In the eighteen months following June, 1819, the sum withdrawn from circulation amounted to £4,000,000. The consequent contraction in trade which ensued from this contraction in currency enabled the Rank to propose that cash payments should be resumed on May 1st, 1821, instead of on May 1st, 1822, and this step was legalized,

Alison describes the results thus :.--- " Nothing in this disastrous contraction of the currency at a period when its expansion was so loudly called for sustained the national industry or averted a general bankruptcy but the fortunate circumstance that the obligation on the Bank to pay in specie was by the Act of 1819 only to commence on February 1st, '20, and this enabled that establishment in the preceding autumn,, when the crash came, not only not to contract its issues, but even in a slight degree to increase them. The effects of this sudden and prodigious contraction of the currency were soon apparent, and they rendered the next three years a period of. ceaseless distress and suffering in the British Islands. The accommodation granted. by bankers diminished so much in consequence of the obligation laid upon them of paying in specie when specie was not to be got, that the paper under discount at the Bank of England which in 1810 had been £23,000,000, and in 1815 not less than £20,660,000, sunk in 1820 to £4,678,000 and in 1821 to £2,676,000."

The first Lord Ashburton referring to the petitions coming from all quarters remonstrating against the state of suffering in which so many classes were involved said that :—

" The difficulties of the country then arise from this : that you have brought back your currency to its former value so far as regards your income, but it remains at its former value so far as regards your expenditure."

Mr. Attwood on June 11th, 1822, speaking on Mr. Western's motion for appointment of a Committee to consider the effect of the Bank Cash Payments Act of 1819, said :—

" To enhance the value of money, to raise the price of gold, we have lowered that of all other commodities, while at the same time we have left the great payments of the nation raised from the sale of these commodities. Strange, indeed, would it be if such a system was not to have produced the general and long continued distress which we see around us. The reduction effected in the amount of money in circulation has been nearly one-half of that employed in supporting agricultural, commercial and manufacturing industry. Hence these classes are unable to obtain much more• than half the return they obtained from their industry before the alteration took place, and yet all their great money engagements remain the same. This is the origin of that state of things which in its result leaves the landowner without rent, the merchant with- out profit, the labourer without employment or wages, which revolutionizes property and disorganizes all the different relations and interests of society."
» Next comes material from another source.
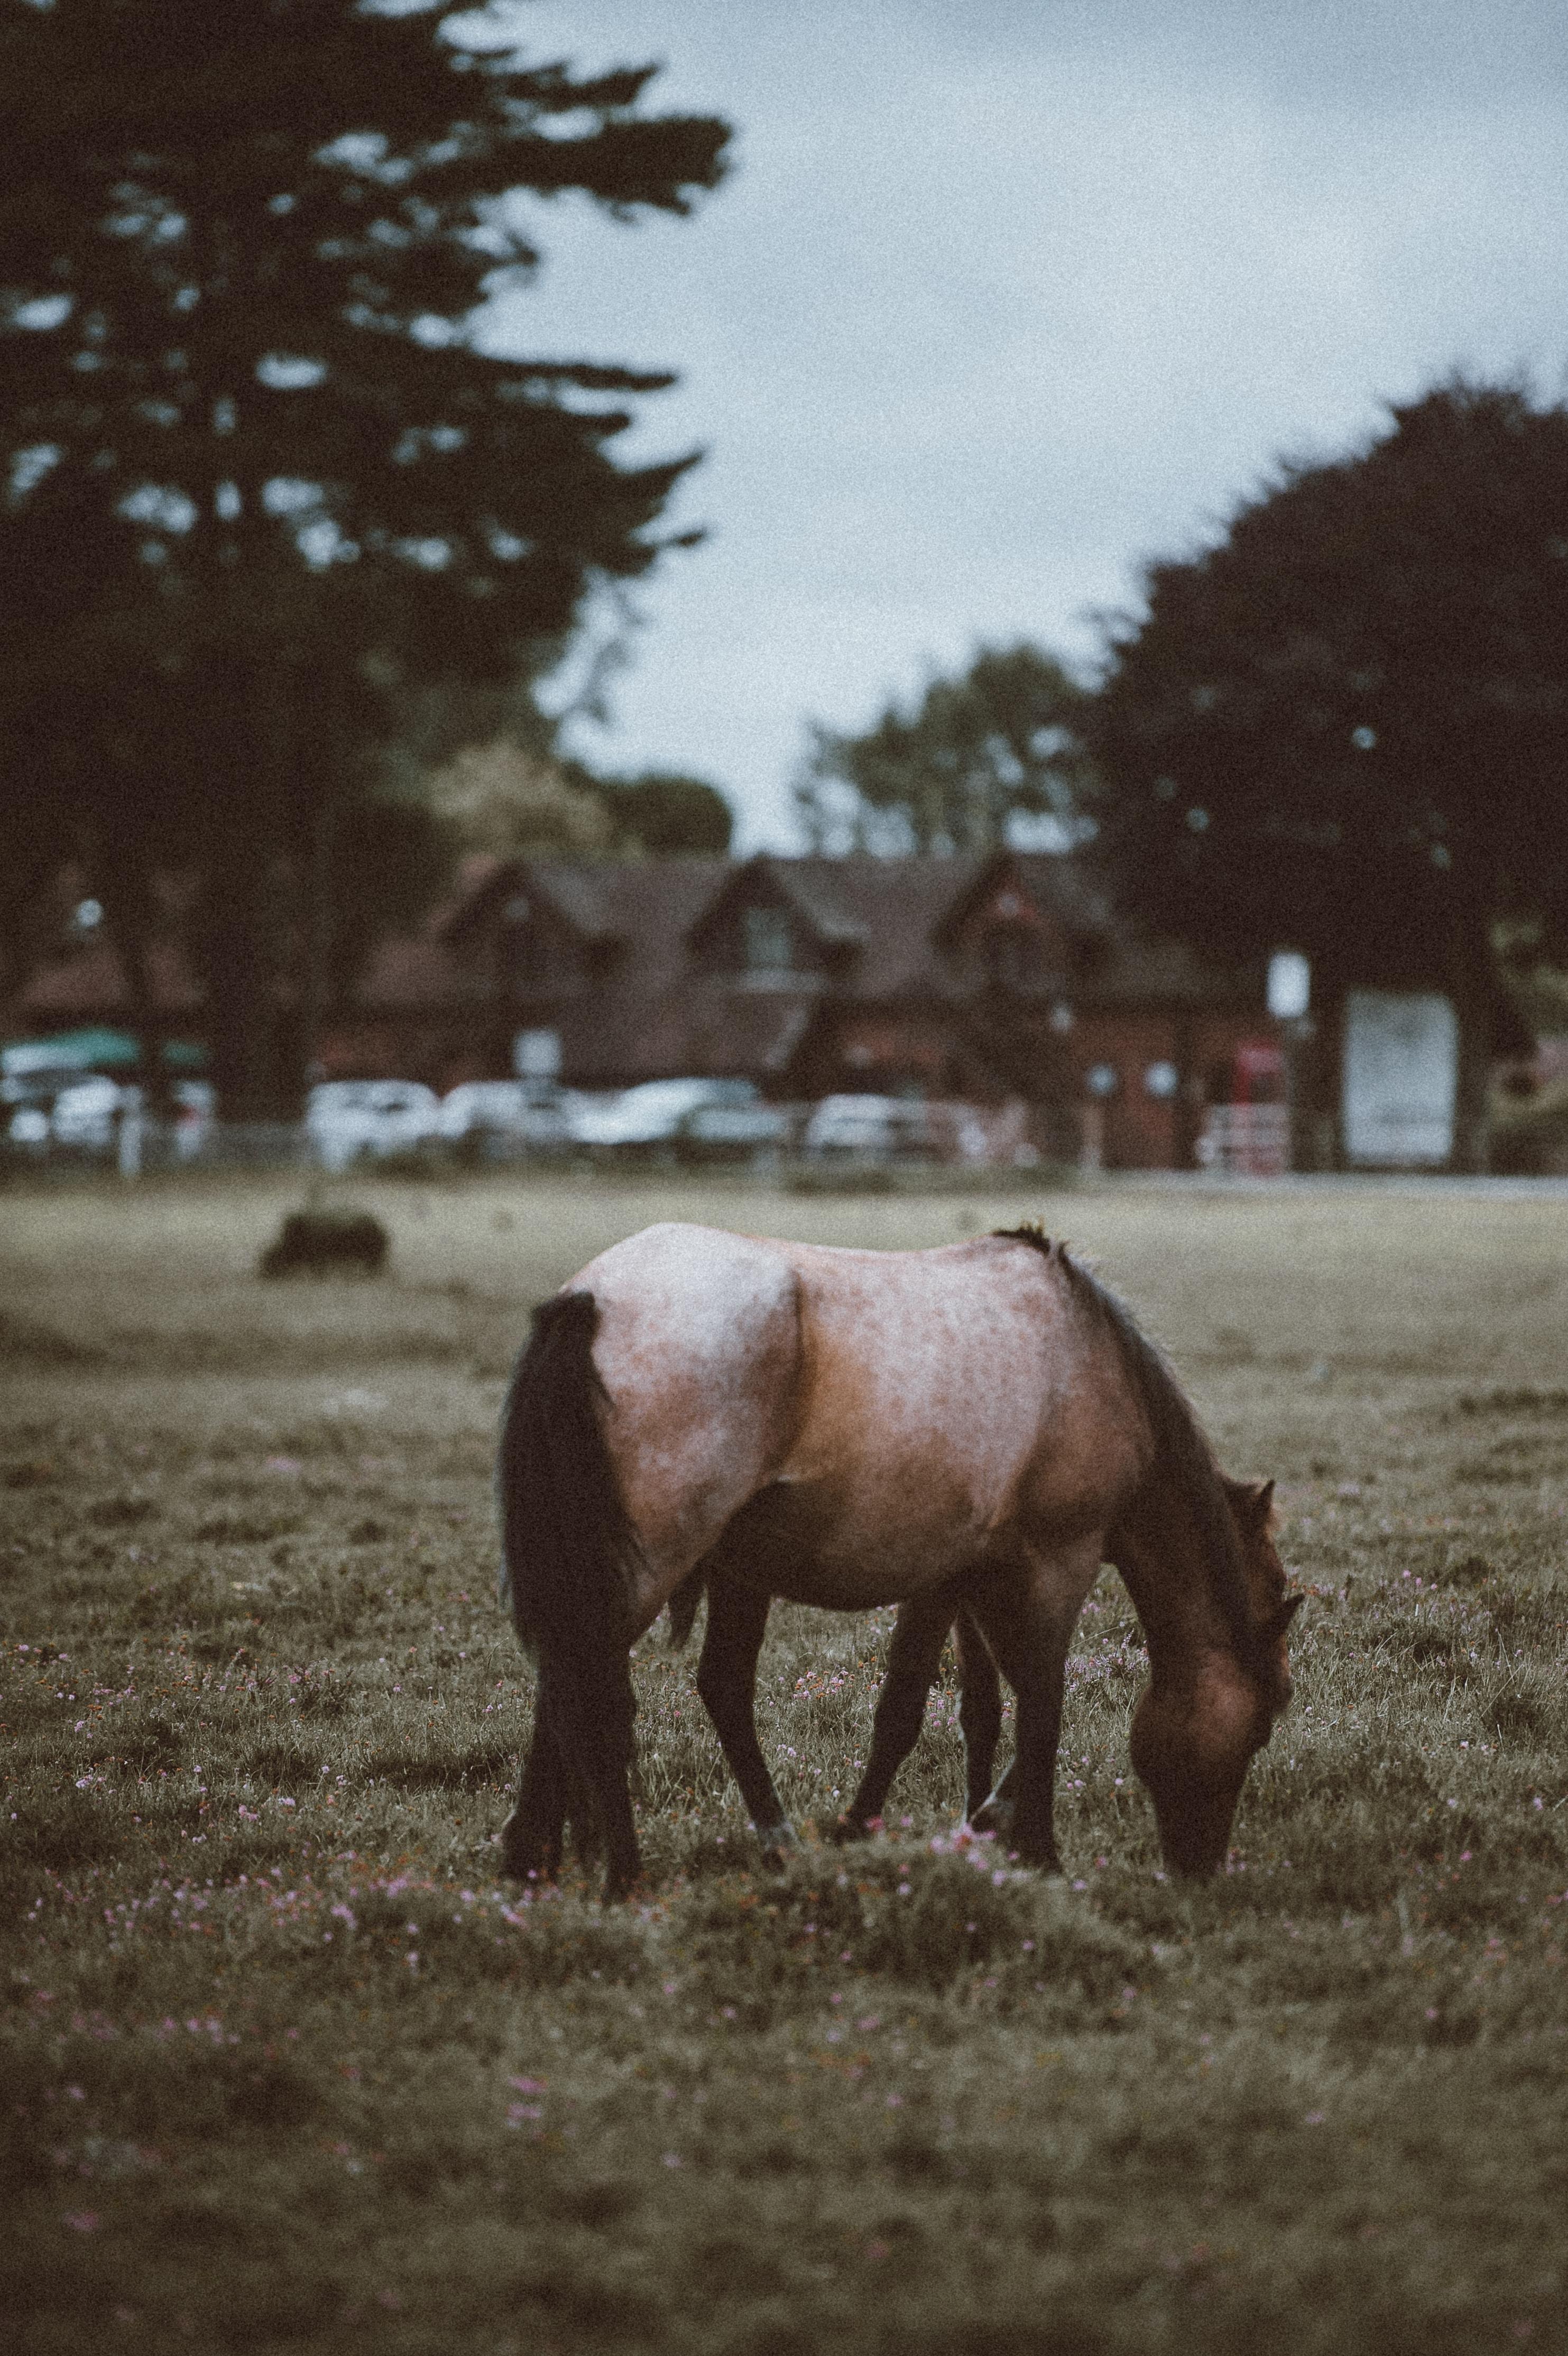 horse eating grasse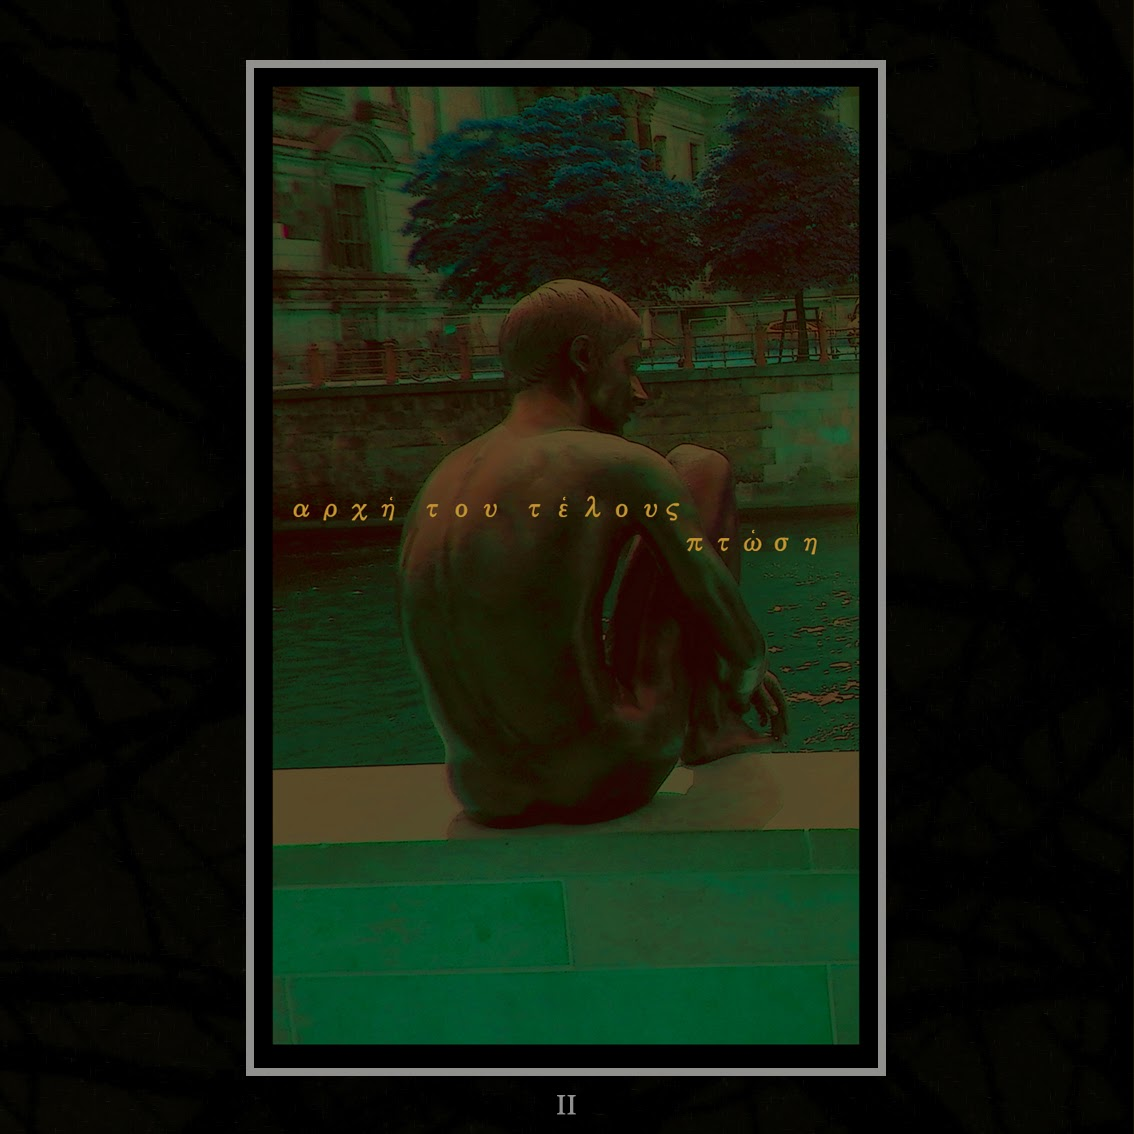 New Album: Αρχή του τέλους - Πτώση

The quotation made by the City editor of the Times is taken, if I remember rightly, from Thomas Tooke's-A History of Prices and the State of the Circulation. Tooke's history is what it purports to be and is in no other respect a history of the times. The only point in which he was concerned was the contraction and expansion of prices. Trade and employ- ment were outside his vision and any reduction in prices, whether caused by the flooding of the country by bankrupt stock or otherwise, appeared to him a cause of satisfaction. Alison's History of Europe, 1815-1852, deals conclusively with Tooke's miscomprehensions. Vide Vol. 2, p. 398, et seq.

The Manchester (Peterloo) Riots and the Cato Street Conspiracy were the first and more obvious results of the terrible destitution and fierce unrest caused by the 1819 Act.

Even the " prodigiously abundant " harvests of 1822 and 1823 and the Act of 1822 authorizing the further issue of £1 and £2 notes were unable to stave off for long the disaster induced by this pernicious Act. Speaking of the crash of 1825 the Home Secretary (Mr. Huskisson) said the country was then " within twenty-four hours of barter." The nation's credit was saved by the providential discovery of a box of Bank notes that had previously been " overlooked " in the Bank of England—vide evidence given before the House of Commons Committee, 1882.—I am, Sir, &c., A. S. B.